How do we go from being flawless and miraculous to being flawed adults filled with guilt, shame, fear, anger, and resentment?
I contemplated this cyclical mother-daughter connection that begins one way – adoring her in your arms - and then changes over time – into arguing and abandoning her when she needs you the most.
My mind goes blank. I have no answers.
Just then, the door to my hospital room opens slowly. I see my mom peek around the door along with a gentle knock-knock. With an apology written all across her face, she treads lightly through the cluttered room toward us. “Hi Jenny, I’ve been driving all night. I couldn’t wait to see you.” She said humbly.
There is a moment of silence as our eyes connect.
She has an expression that tells me she wishes she could rewind the clock and start everything all over again. Waiting for any hint of forgiveness from me, she has yet to acknowledge the baby or the fact that she is a brand new grandmother.
Something seems different. I’m not sure if I changed or if she did but now when I see her– for the first time - I don’t see the mother that mercilessly brushed out the tangles in my hair or the mother who ripped out the pages of my yearbook after a shouting contest. I see a vulnerable and frightened old lady. She is weathered like she’s had a lifetime of being knocked down and yet somehow finds the strength to keep getting back up. She appears to be seeking out moments – moments like this one - that will help her forget about her own pain, guilt, loneliness, and suffering. She looks as if she has fought many battles: battles with her own family and battles with herself. Battles that left scars that I could now – for the first time - clearly see.
That’s it! That is the answer. It all makes sense now. As we grow up, we treat our children the way we see ourselves. Mom had beaten herself up over the years. She let fear and guilt get the best of her. She felt less than worthy, less than wanted, and flawed. And those beliefs splintered all of her relationships – including the one with her own daughter. Over the years I was so focused on wanting her time, attention and approval that it never occurred to me she may have needed mine.
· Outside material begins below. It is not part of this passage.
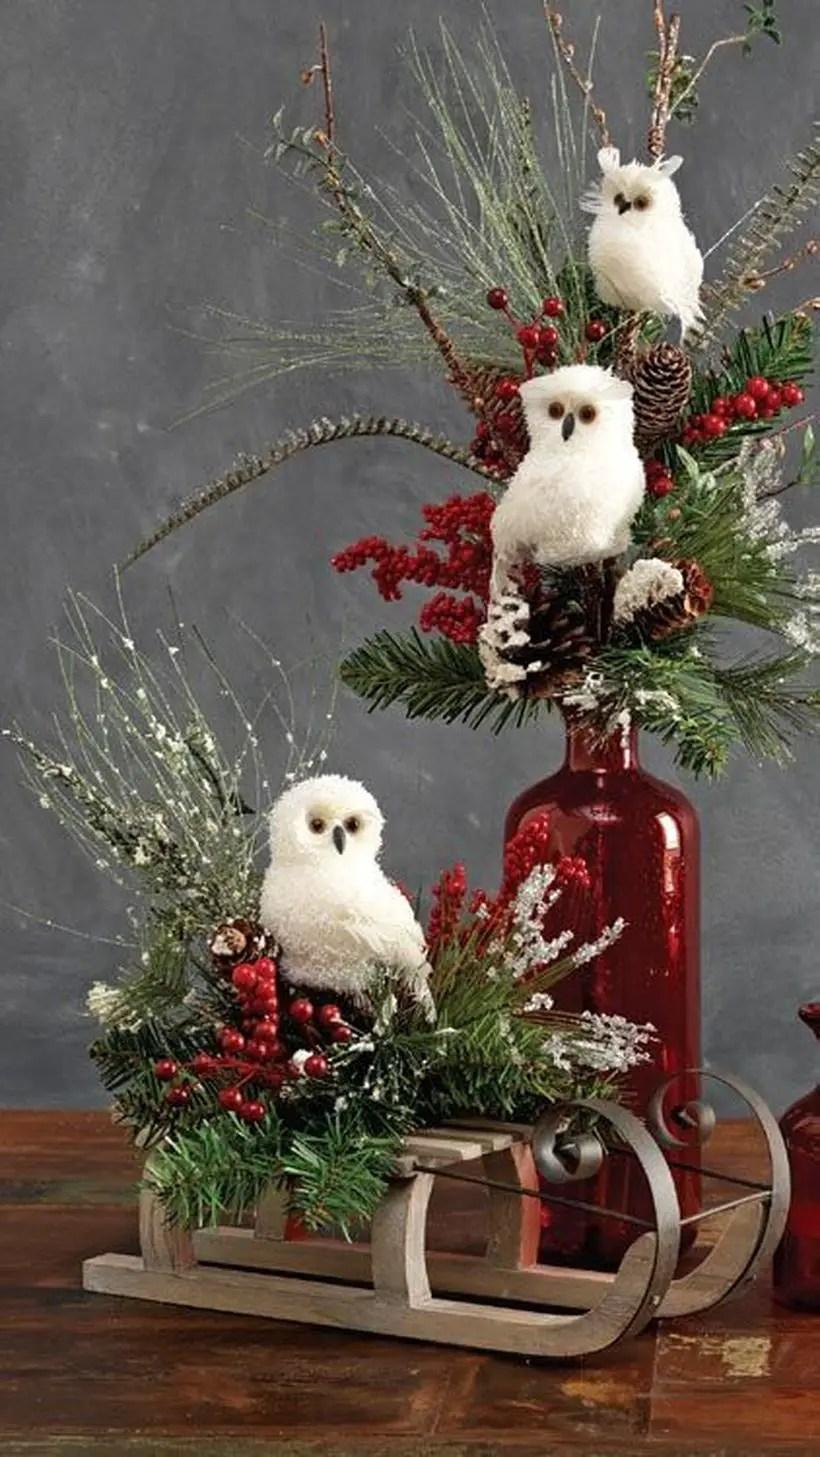 Fun-and-creative-sleigh-decor-ideas-for-christmas-19

In that moment of silence deciding just how to react to Mom’s surprise visit, I made a silent commitment to Katie: Thirty years from now when you become a new mom, I will not be a guilt-ridden and regretful woman when I meet my grandchild for the first time. And the only way to fulfill this commitment is to start viewing myself differently – to view myself as capable, empowered, worthy of the affection of others, and… flawless.
All of the painful experiences I’ve had with Mom over the years have all led to this moment of realizing who I have to become and the changes I must make to be the mother that Katie deserves. Now I can see it clearly. In a way, Mom sacrificed her own happiness, her own goals, and her own life to show me how important it really is to view yourself as flawless. Having this new outlook about who I am and who I choose to be, and realizing that forgiveness is probably the best first step, I break the silence, “I’m glad you’re here, Mom. Thank you for coming.”
The worry vanished from her face as she smiled, “You’re a mother now. I can’t believe it.” She says as she glances down at sleeping Katie. “She is so precious. She’s so lucky to have you as her Mom.”
I smiled back, “And she’s lucky to have you as her grandma.”